Calling PsiViewer from external tool (NOT plugin)
#14

@cretz looks like you are right

the following code dumps out the AST of the file located at data/tmp/sample.kt

 package foobar


import com.intellij.openapi.util.Disposer
import com.intellij.psi.PsiElement
import com.intellij.psi.PsiManager
import com.intellij.testFramework.LightVirtualFile
import org.jetbrains.kotlin.cli.jvm.compiler.EnvironmentConfigFiles
import org.jetbrains.kotlin.cli.jvm.compiler.KotlinCoreEnvironment
import org.jetbrains.kotlin.config.CompilerConfiguration
import org.jetbrains.kotlin.idea.KotlinFileType
import org.jetbrains.kotlin.psi.KtFile
import java.io.File

open class Parser {
    fun parse(code: String): KtFile {
        val disposable = Disposer.newDisposable()
        try {
            val env = KotlinCoreEnvironment.createForProduction(
                    disposable, CompilerConfiguration(), EnvironmentConfigFiles.JVM_CONFIG_FILES)
            val file = LightVirtualFile("temp.kt", KotlinFileType.INSTANCE, code)
            return PsiManager.getInstance(env.project).findFile(file) as KtFile
        }  catch (e: Exception ) {
            println("parse error: $e")
            throw e
        } finally {
            disposable.dispose()
        }
    }

    companion object: Parser() {
        init {
        }
    }
}


class Text_margin() {
    var margins: MutableList<String> = mutableListOf()
    var cache = ""

    private fun update_cache() {
        cache = margins.joinToString(separator = ".")
    }
    fun push(s: String) {
        margins.add(s)
        update_cache()
    }
    fun pop() {
        margins.removeAt(margins.size-1)
        update_cache()
    }
}

class Text_margin_console() {
    var text_margin = Text_margin()

    fun push(s: String) {
        text_margin.push(s)
    }
    fun pop() {
        text_margin.pop()
    }
    fun write(text: String) {
        for (line in text.lines()) {
            println("${text_margin.cache}: $line")
        }
    }
    fun write(psi_element: PsiElement) {
        val childs = psi_element.getChildren()

        if (childs.size > 0) {
            var i = 0
            for (c in childs) {
                push("$i")
                write("Node: $c")
                write(c)
                pop()
                i++
            }
        } else {
            write(psi_element.getText())
        }
    }
}




fun main(args: Array<String>) {
    val tmc = Text_margin_console()

    val parser = Parser()
    val file_content = File("data/tmp/sample.kt").readText()
    val ans = parser.parse(file_content )
    println("$ans = ${ans.getText()}")

    tmc.write(ans)

}

#15

Ok, the code I put at https://github.com/cretz/kastree will let you parse a string of code into a clean AST. While there are some integration tests against the PSI corpus, I don’t have any tests on the validity just yet.

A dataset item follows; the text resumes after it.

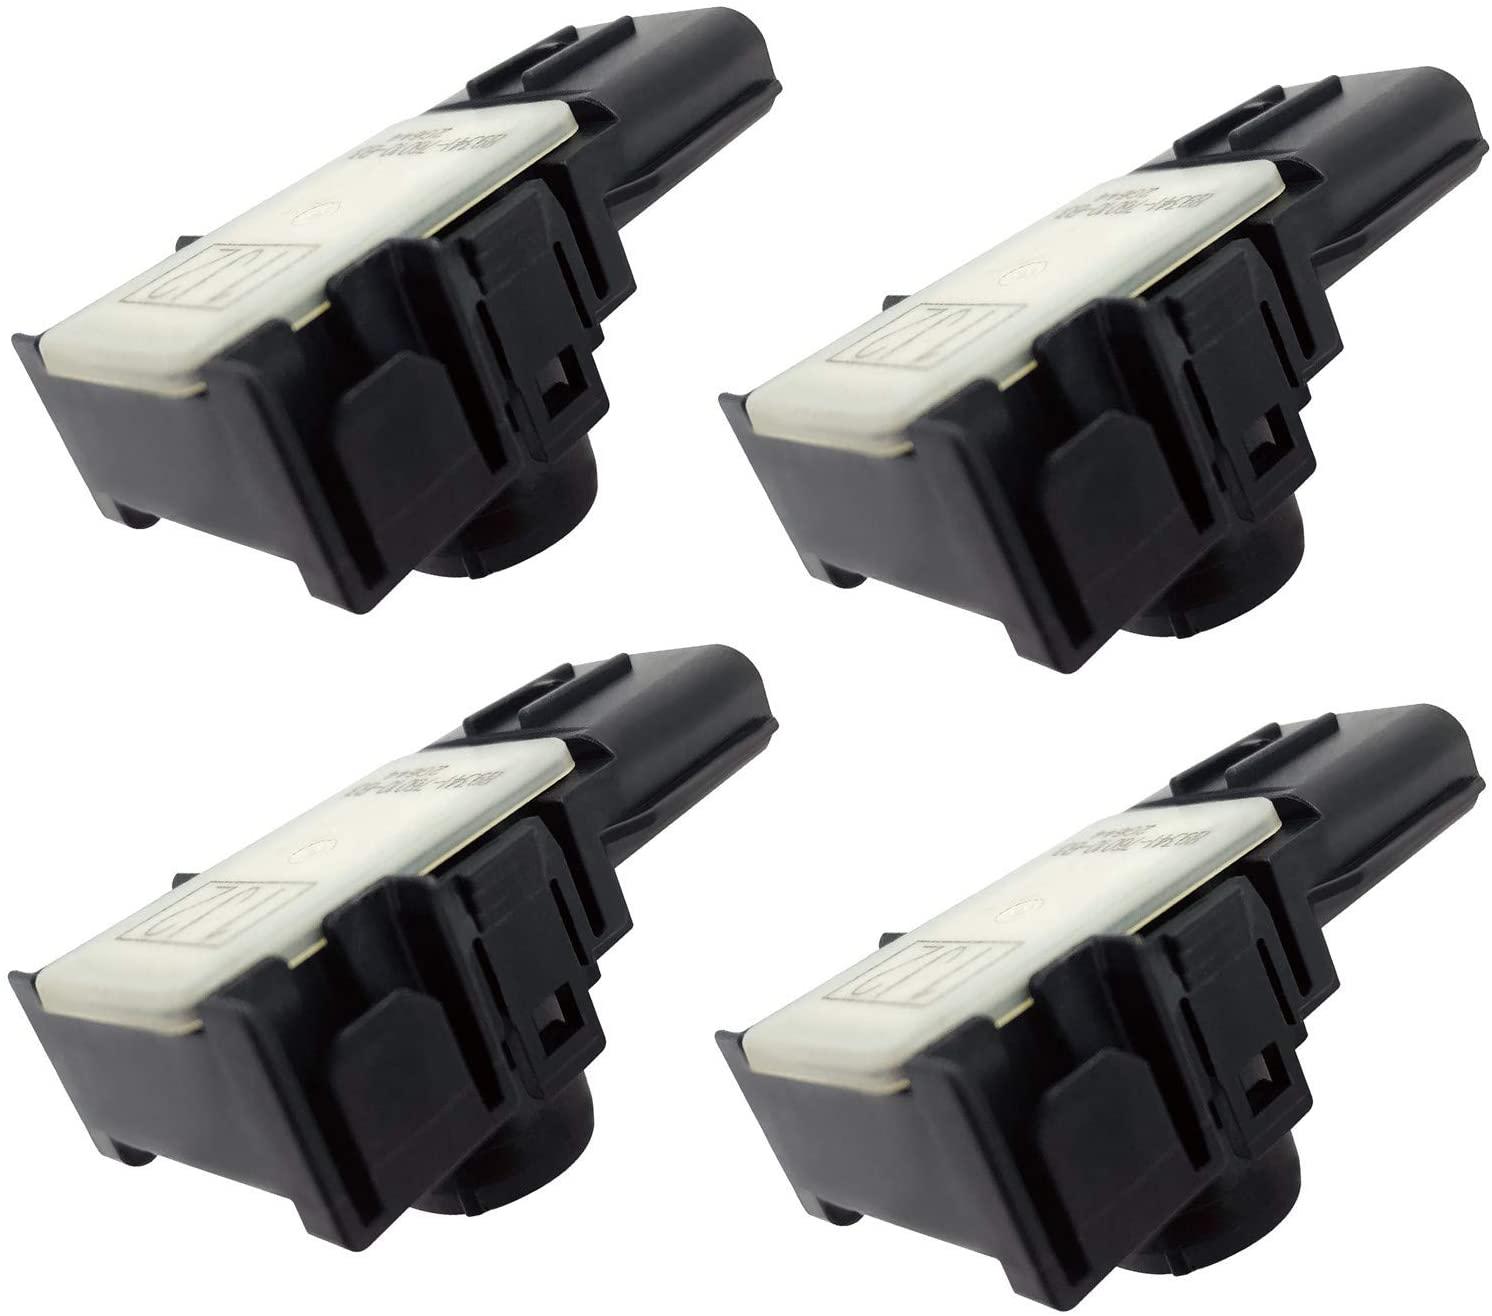 4 Pcs GzYcsFocusqp Ultrasonic Parking Sensor Reversing Radar Compatible for Lexus CT200H GS450 GS350 89341-76010-B3 89341-76010-A0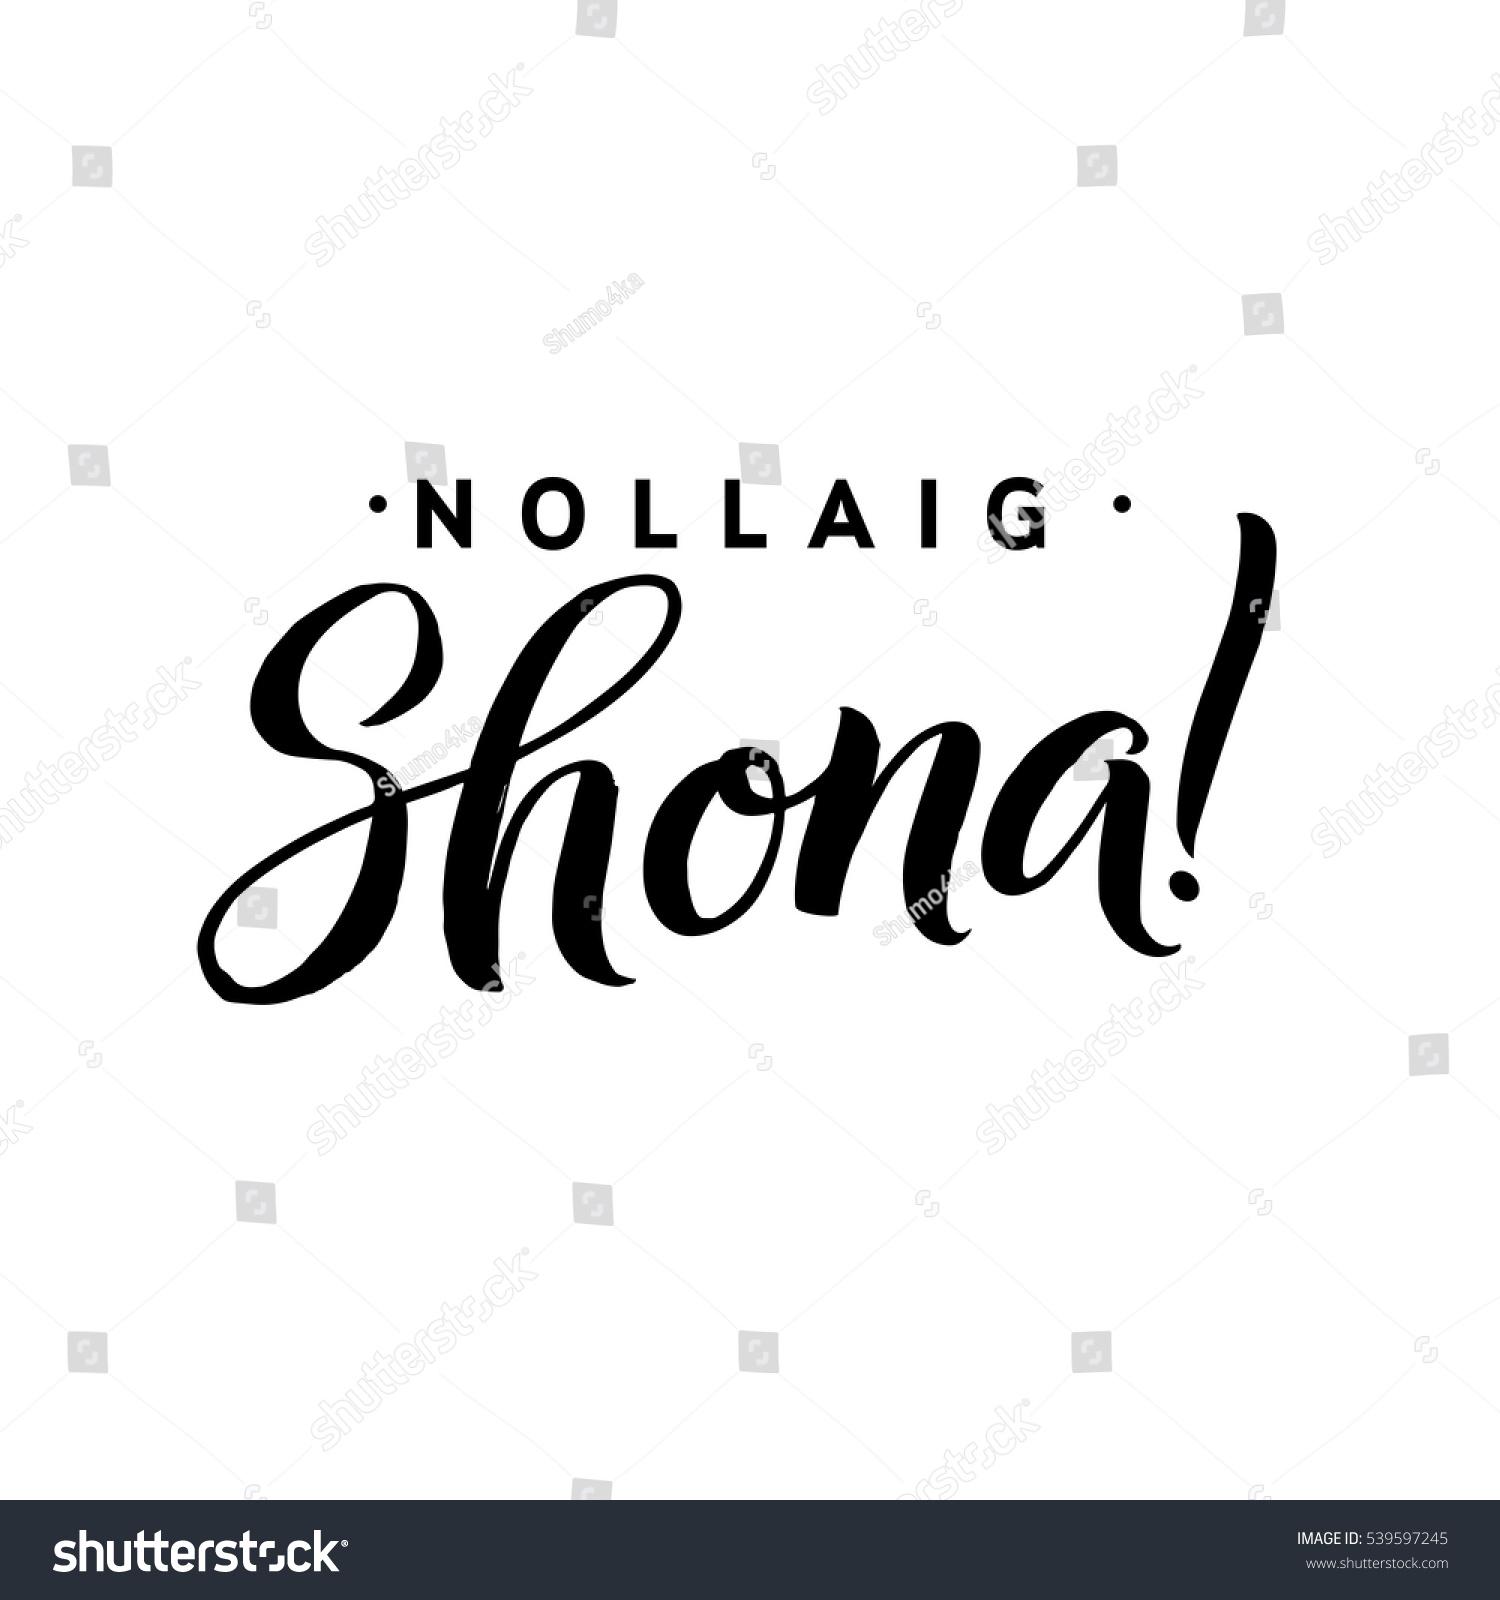 Nollaig Shona Merry Christmas Calligraphy Template เวกเตอร์สต็อก ...

It’s not quite a library yet (my needs require that I make a mutating Visitor and Writer), the AST and the PSI-to-AST converter are sound.


#16

Looks great. I don’t really know why I would ever need this myself but you never know :wink:
Maybe just add a short readme and a license to your repository. That way it should be easier (well or leagal) to use for other people :stuck_out_tongue_winking_eye:


#17

Yup, I usually do (see my other repos), but I just hacked this out and posted here for that user. I have now added the license and will add a README when the lib is complete.